Rather, the stillness beneath and beyond the stillness of death is that holiest of all foundations. It is a vital stillness, a living stillness, a pulsing ecstasy, a place of rebirth, a fiery core of new life and oddly enough, a place of repose and rest for our frantic souls. It is that stillness of which St. Augustine speaks, “My soul is restless until it finds its rest in thee.” The goal of the journey, you see, isn’t stillness per se as some religious traditions might suggest and some spiritual practices seem to promote. Rather the goal of the journey is “knowing God.” “Be still and know that I am God.”

“Nothing in all creation is so like God’s stillness” declared Meister Eckhart, the great Christian mystic. Psalm 46 speaks to our deepest fears, then and now: the chaos of nature (floods, earthquakes) and the chaos of our own making (nations at war). When the Psalmist says, “Be still,” it is a command to “desist” to “let go” (lit., let your hands drop, relax, go limp, be weak). What a command here in the midst of warfare. Stop! Stop long enough to know the God of peace “who makes wars cease.” For the Psalmist, nothing clarifies or sanctifies like concentrated stillness in the presence of God. The Psalmist calls for nothing less than radical trust in God, “our refuge and strength.”

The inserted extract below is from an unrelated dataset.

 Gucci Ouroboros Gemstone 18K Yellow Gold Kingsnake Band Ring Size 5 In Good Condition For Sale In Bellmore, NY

Parents, no doubt, you are full of mixed emotions, joy and terror: letting go of your most precious gift, your son or daughter, letting them go into the world of adulthood, freeing them into the unknown future. Students, perhaps, you also come with mixed emotions of joy and terror: leaving home, leaving your family and friends behind, some of you across oceans, in order to enter college -- some of you for the first time, some transferring to a new place – all of you falling into a still unknown future.

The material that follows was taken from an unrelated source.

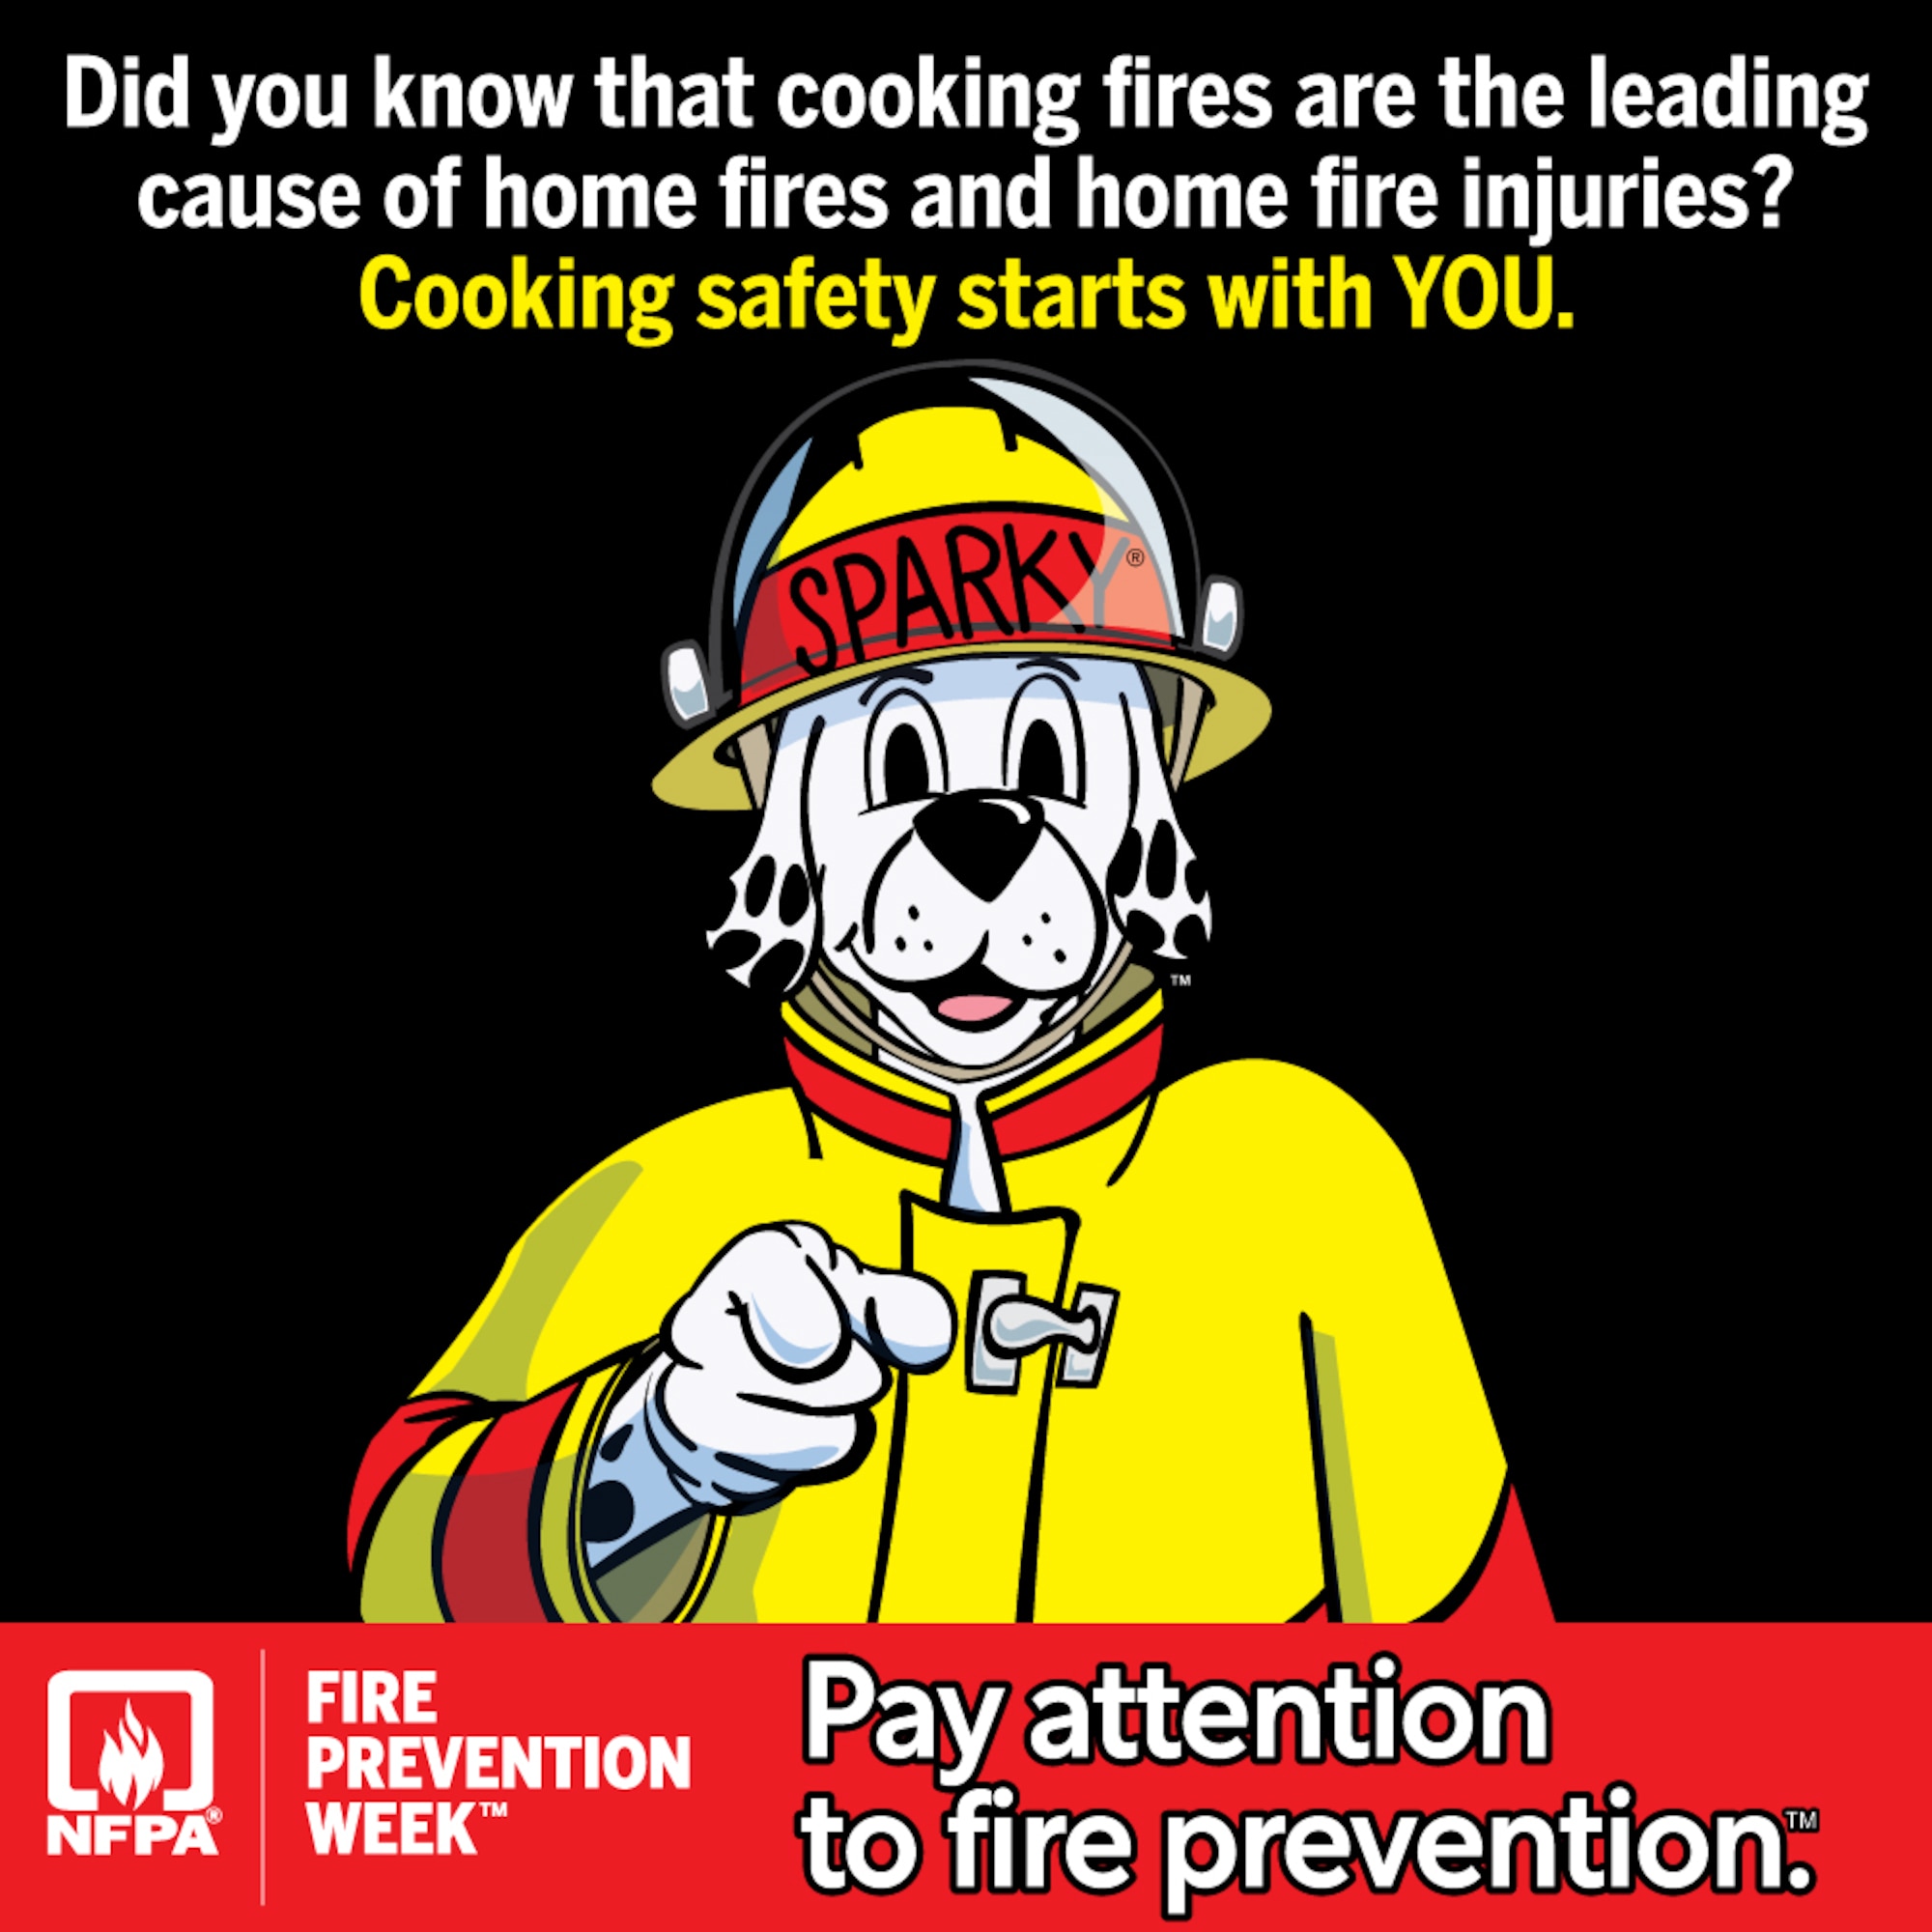 Fire Prevention Week, sponsored by the National Fire Protection Association, is Oct. 8-14. The theme of this year’s Fire Prevention Week campaign is “Cooking safety starts with YOU. Pay attention to fire prevention.” Arnold Air Force Base Fire and Emergency Services officials are urging base personnel to practice cooking safety and be aware of the dangers associated with unattended cooking. (National Fire Protection Association graphic)

The Psalmist invites, no commands, each one of us to let go . . . let go of all our fears, our anxieties. . . let go. . . let ourselves fall past the “metals and minerals. . . lower than salts and earths. . . down past the waxy deepness of planets” to that alpha and omega point, that substance “in touch with the Absolute, at base. Let go, let yourself fall into the hands of the living God. Holy is the Firm. Firm is God’s infinite Christ-like love. God is with you, student and parent. God is with all of us present here today. We are not alone in our partings. God will never leave us or forsake us. Ever.
Hear the words of the Psalmist: “The Lord of hosts is with us, the God of all people is our refuge and strength, our fortress, a very present help in times like these.” If we know that, that will be enough. Amen."